Published on May 31st, 2020 | by Joan Hamilton-Smith



We had the Thrift Club where people paid in as much as they could afford whenever they liked, and the money was paid out at Christmas. We also had the Slate Club where people put money in regularly every Friday and could withdraw it in times of illness, or whenever they needed it throughout the year. All pubs ran clubs of some sort in those days when there was no such thing as sickness benefit. Each club had a secretary, who took the subscriptions and kept the books, and sometimes the secretary disappeared with the money, especially just before Christmas. We had that happen to us once, but we were lucky. Mr Collins, a rich man who lived at Dunorlan, let us have the money, otherwise, there wouldn’t have been anything to pay out.

At Christmas time we decorated the place – just a bit of holly and mistletoe, nothing elaborate. We were quite busy on Christmas mornings and had to wait for our dinner until after closing time. When I was old enough, about fourteen, I took over cooking the dinner.

We didn’t get big presents, not like they do today. Men would perhaps get some tobacco or a cigarette case, ladies would get a trinket or an ornamental glass dish, something like that. Children would get an orange and some nuts in their stocking, and a pink sugar mouse that always poked his head out of the top. We didn’t get many toys and if we were given games we had to share. On Boxing Day we spent the evening next door with May Tappenden, the local music teacher, and her parents.

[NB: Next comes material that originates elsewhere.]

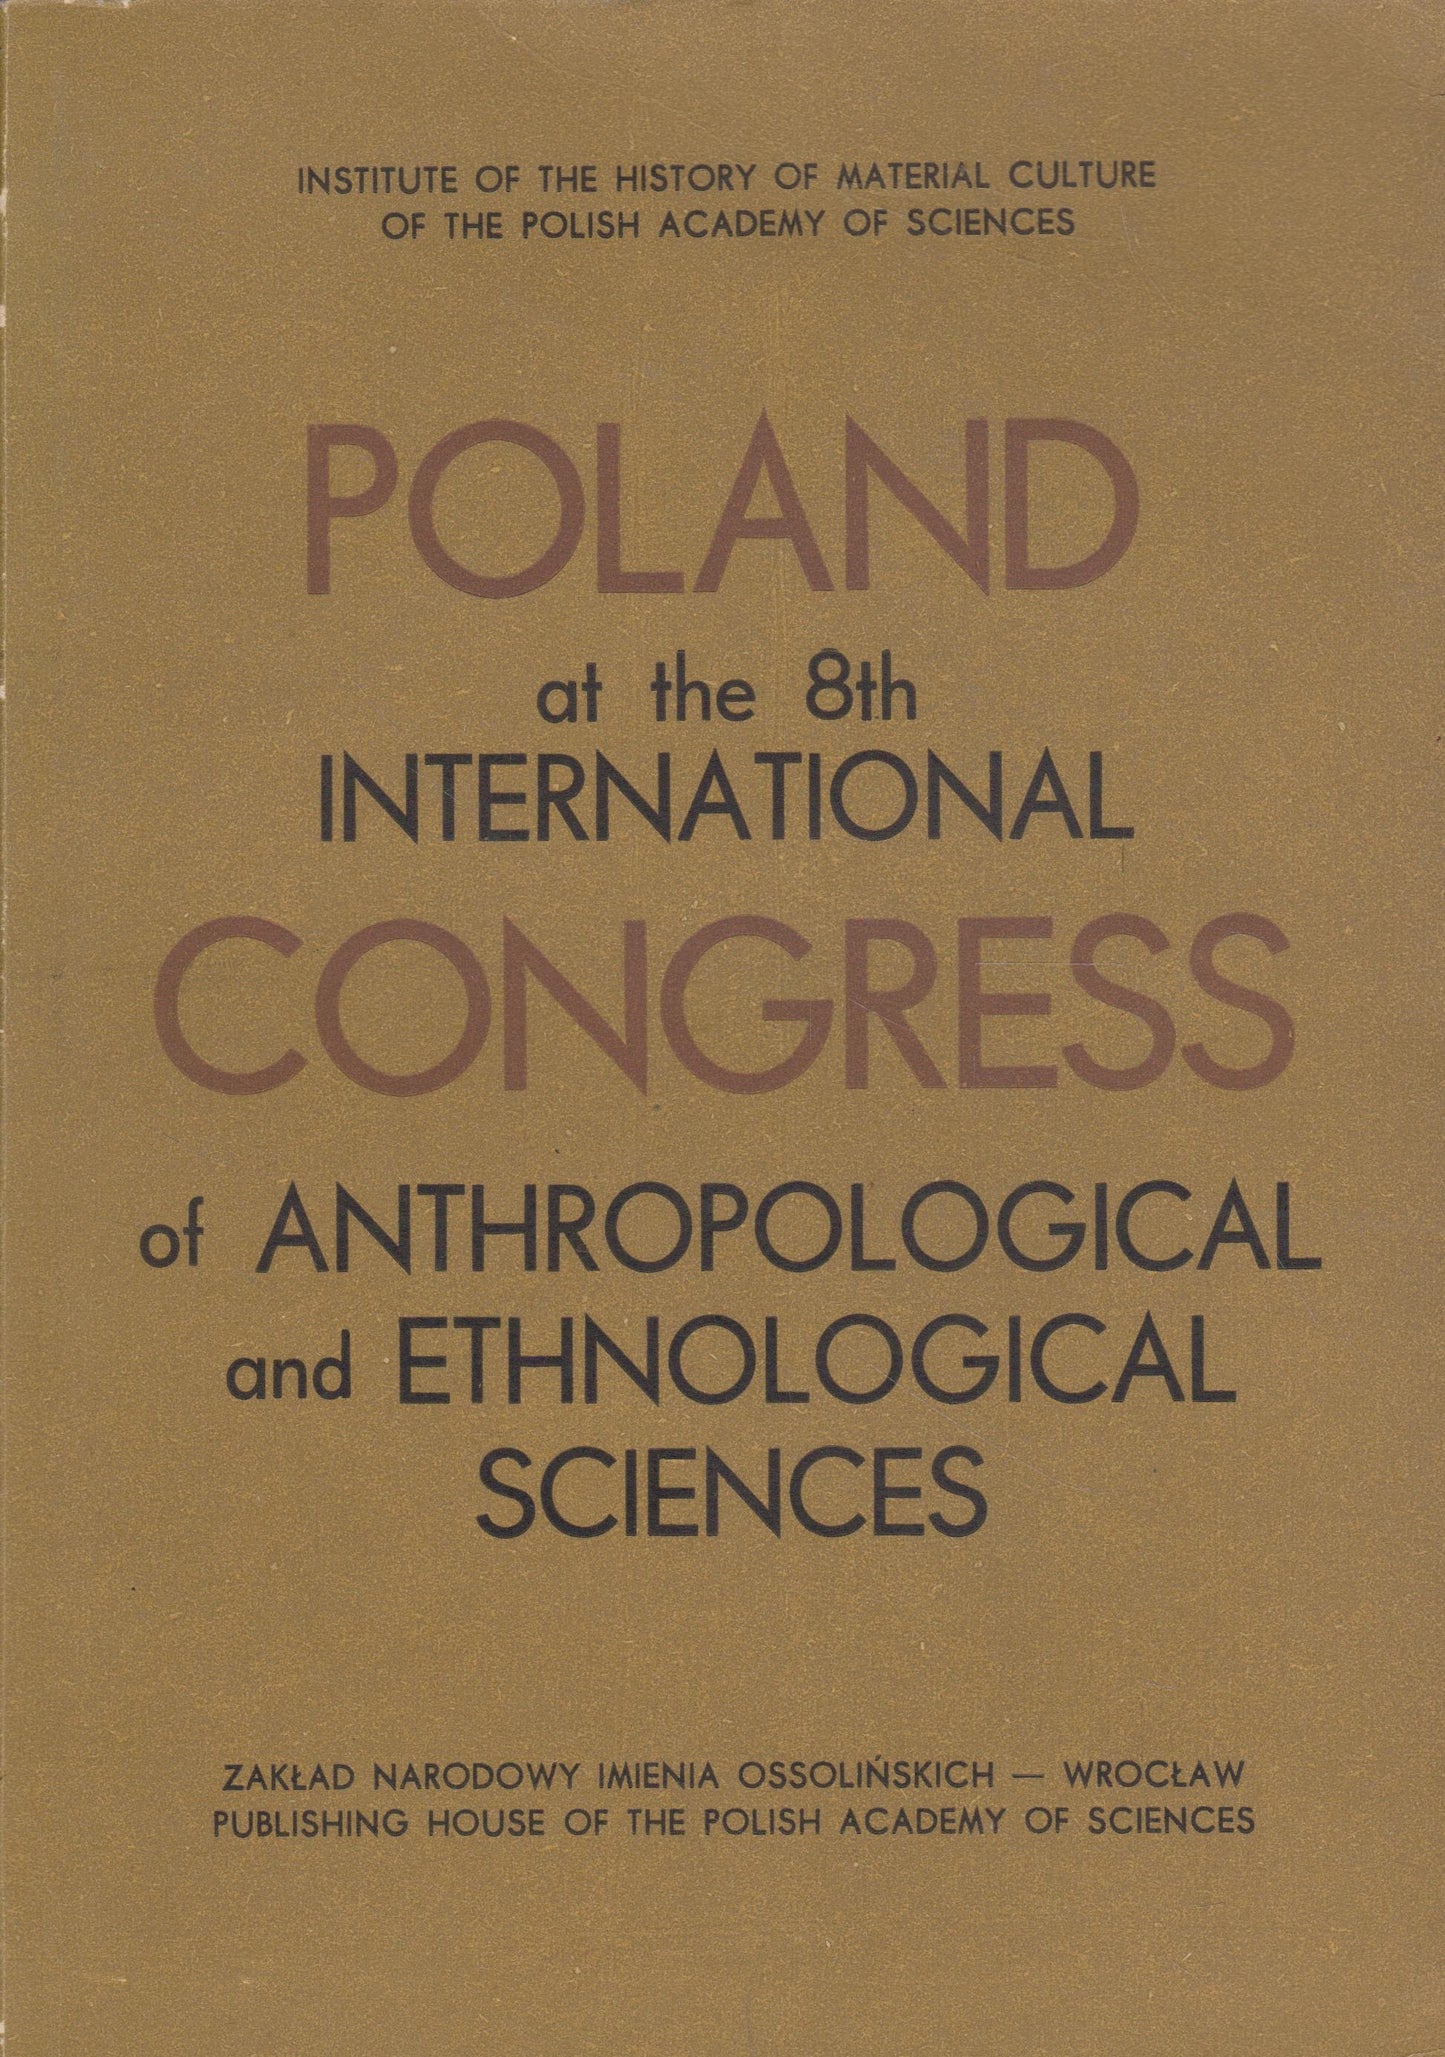 Poland at the 8th International Congress of Anthropological and Ethnological Sciences

There were no gas or electric fires then; we had to open coal fires or oil fires – Valor lamps. We had all the old bar games, shove-ha’penny, bar skittles, and dominoes. The men played cribbage – and, of course, darts. We had no regular music, you had to have a license for that, but sometimes a customer would play the piano for us.

In the 1920s people didn’t have holidays as they do today. They went for days out, maybe with the Equitable if they belonged to it, or on Sunday school outings. Dad went out every Sunday afternoon. He had a brother and a cousin who both ran pubs and he hired a taxi and went to visit them, otherwise he rarely got away. Edie and I were lucky. One year in the late 1920s she went away with May Tappenden for a week to Cliftonville, near Margate, and another year May took me.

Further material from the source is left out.